Before we can learn anything, we have to decide what kind of relationship we’re looking for between inputs and outputs. This is a choice you make—it’s not something the data tells you directly.

Think of it like choosing what kind of line to draw through a scatterplot. Should it be a straight line? A curve? Multiple lines for different regions?

Model type	What it assumes	Parameters to learn
Linear regression	Output is a weighted sum of inputs	The weights (\(\boldsymbol{\beta}\))
Polynomial regression	Output depends on powers of inputs	Coefficients on each power
Decision tree	Different rules for different regions	Where to split, what to predict in each region
Neural network	Layers of simple nonlinear functions	Weights connecting the layers

For linear regression, we’re saying: “I believe the output is roughly a weighted combination of the inputs, plus some noise.” Mathematically: \[y = \beta_0 + \beta_1 x_1 + \beta_2 x_2 + \cdots + \beta_p x_p + \varepsilon\]

The \(\beta\) coefficients are the unknown numbers we need to learn. In matrix form (for all \(N\) observations at once): \(\mathbf{y} = \mathbf{X}\boldsymbol{\beta} + \boldsymbol{\varepsilon}\).
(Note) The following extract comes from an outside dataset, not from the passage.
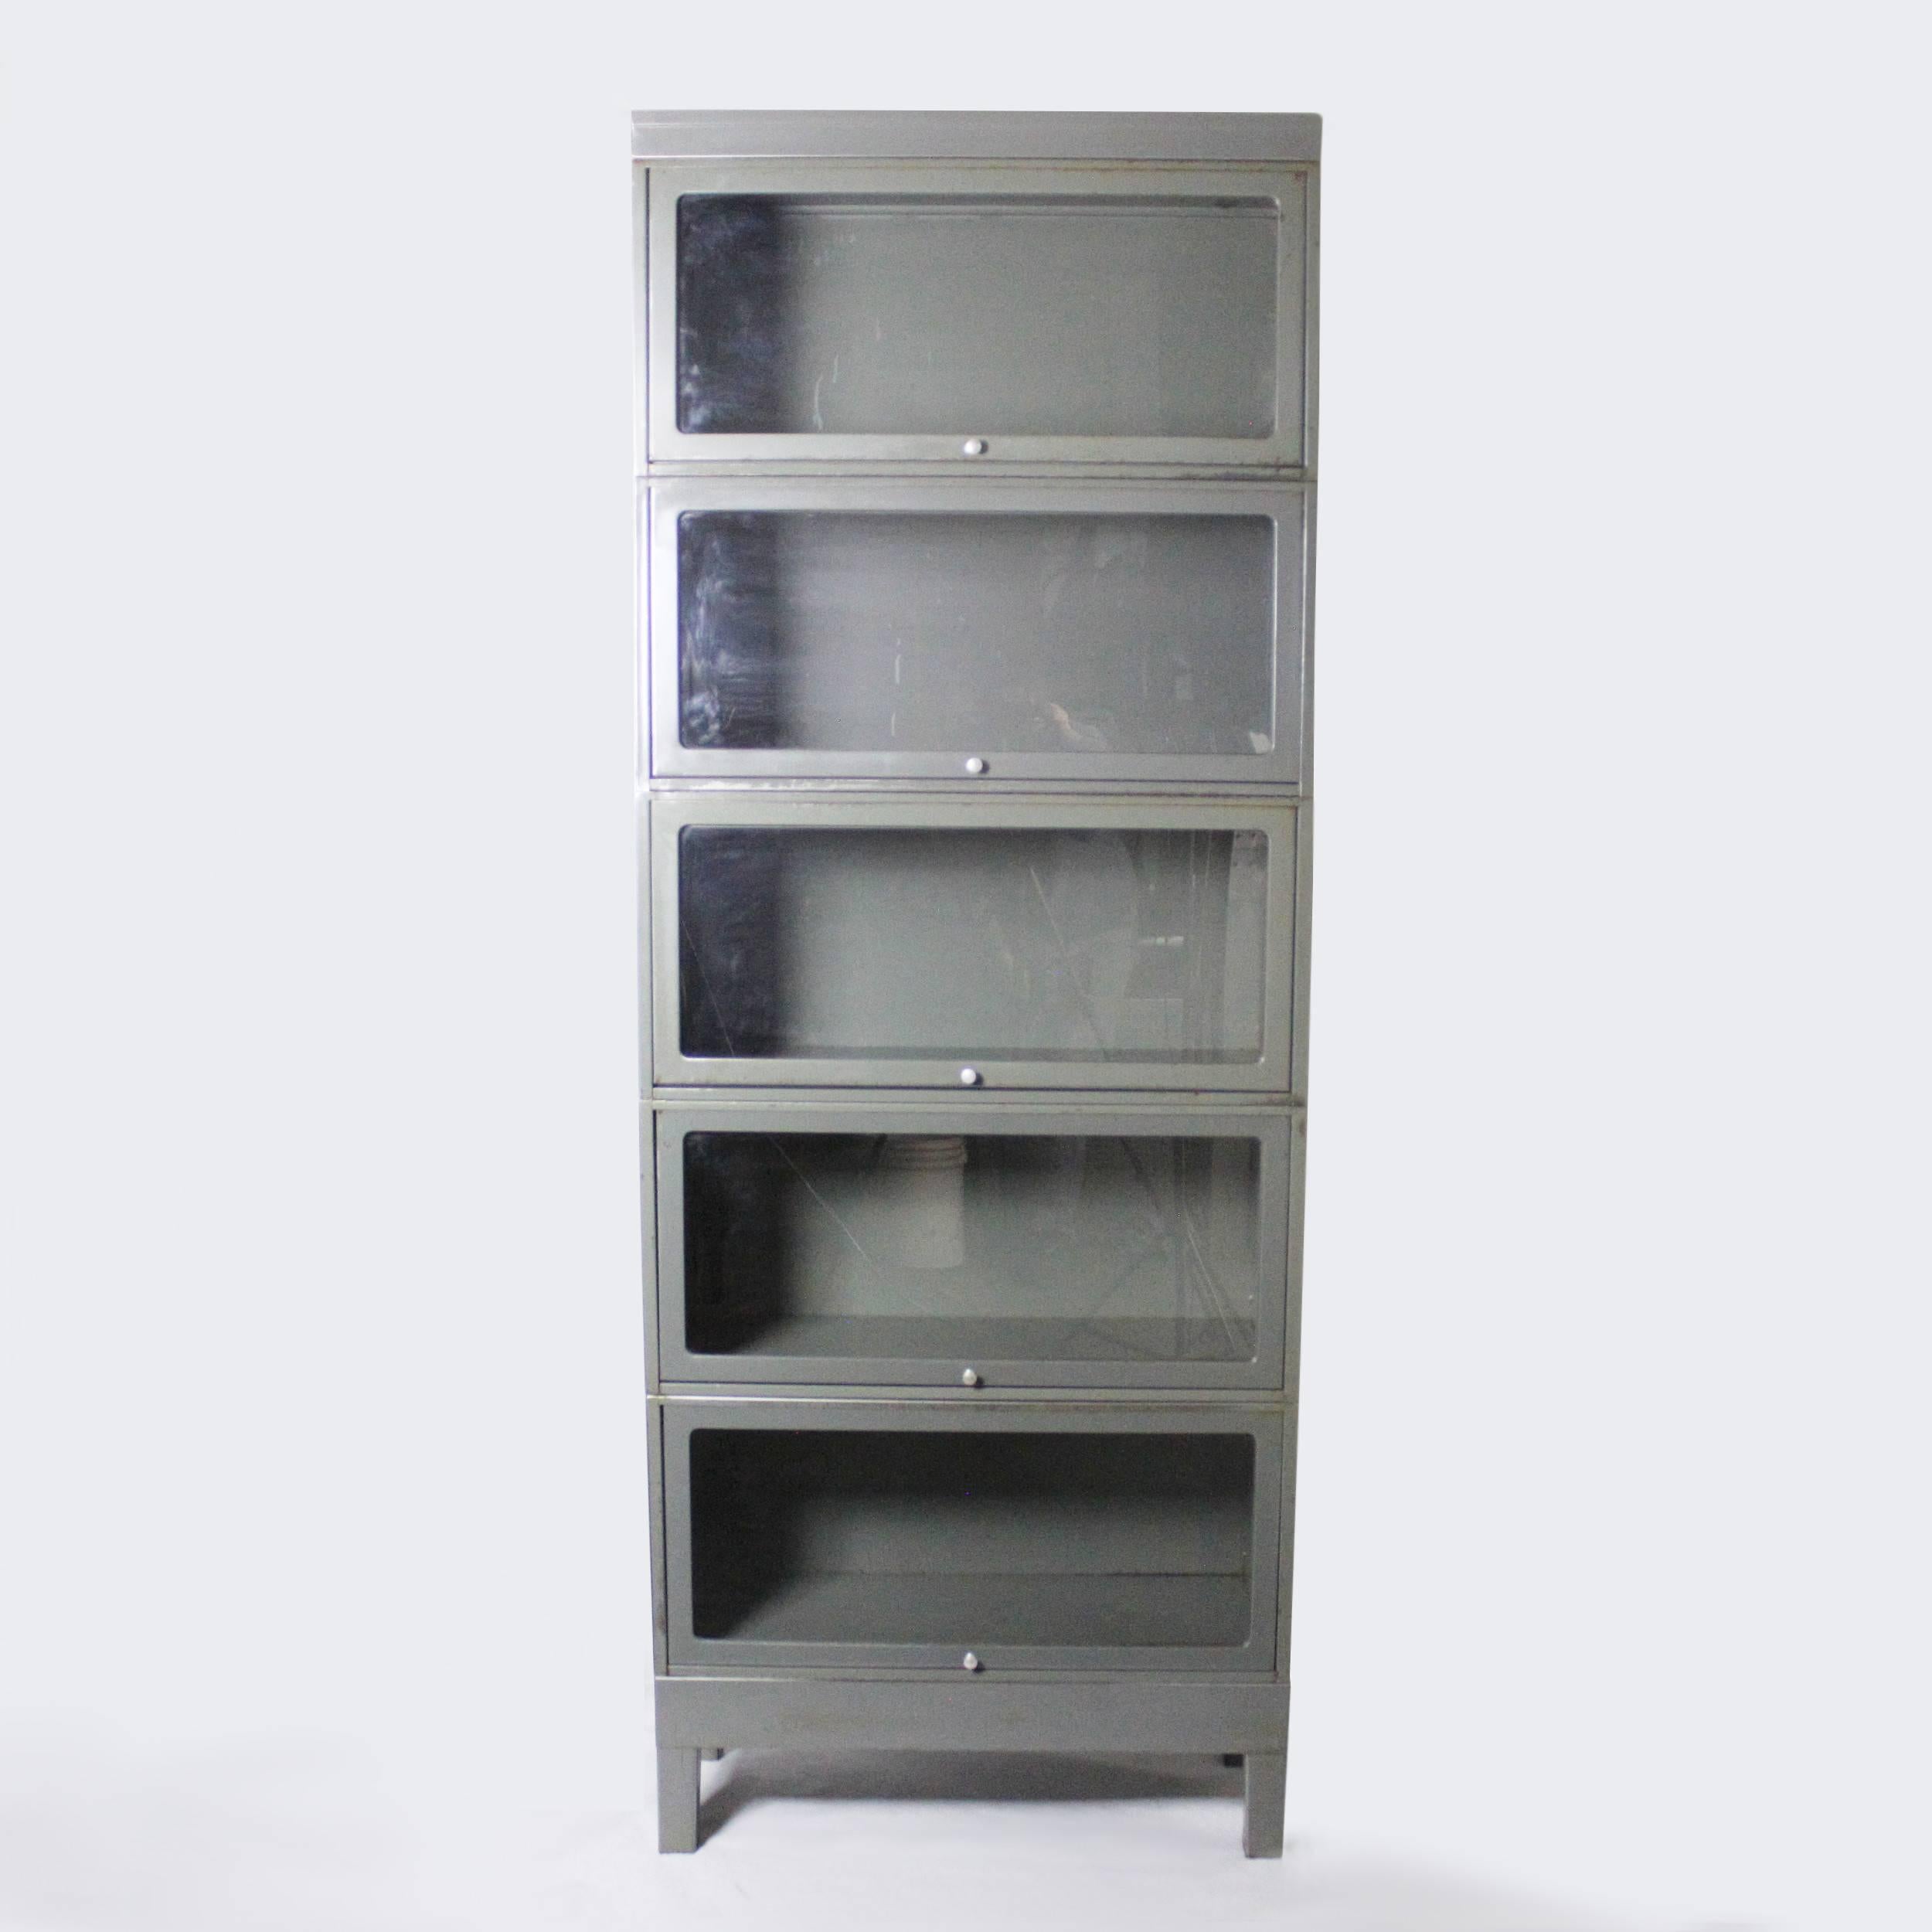 Fantastic vintage metal barrister bookcase. Bookcase stands over 7 feet tall and features a great Industrial patina to its original gray paint, steel construction, aluminium hardware, and clear, crack-free glass. Would add some impressive Industrial

The fundamental tradeoff is always present: a model that’s too simple misses real patterns (underfitting), while a model that’s too complex fits noise (overfitting). Linear regression is simple and interpretable but can only capture straight-line relationships. Neural networks can approximate almost any relationship but need lots of data and can easily overfit.

Here’s the key insight: once you pick a model type, you’re committing to a specific mathematical form with unknown numbers in it. Learning means finding the specific values of those numbers that work best for your data.

4.2 The Loss Function: What Does “Best” Mean?

We need a way to measure how wrong a prediction is, so we can find the parameters that make predictions least wrong.

The notation is simple: \(L(y, \hat{y})\) is the loss when the true value is \(y\) and our prediction is \(\hat{y}\). Lower loss means better prediction.

The intuition: if we predict a stock will return 5% and it actually returns 8%, we were off by 3 percentage points. That’s the error. But how should we combine all our errors into a single number?

Common loss functions for regression:

Name	Formula	What it does
Squared error	\(L(y, \hat{y}) = (y - \hat{y})^2\)	Penalizes large errors heavily
Absolute error	\(L(y, \hat{y}) = \\|y - \hat{y}\\|\)	More robust to outliers

The most common choice is squared error. Squaring has two effects: it makes all errors positive (so they don’t cancel out), and it penalizes big errors more than small ones. Being off by 10 is not just twice as bad as being off by 5—it’s four times as bad (because \(10^2 = 100\) while \(5^2 = 25\)).

Common loss functions for classification:

Name	Formula	What it does
0-1 loss	\(L(y, \hat{y}) = \mathbf{1}[y \neq \hat{y}]\)	1 if wrong, 0 if correct
Cross-entropy	\(L(y, p) = -y \log p - (1-y)\log(1-p)\)	For probabilistic predictions

The choice of loss function matters—different loss functions lead to different “best” parameters. You should pick one that reflects what you actually care about.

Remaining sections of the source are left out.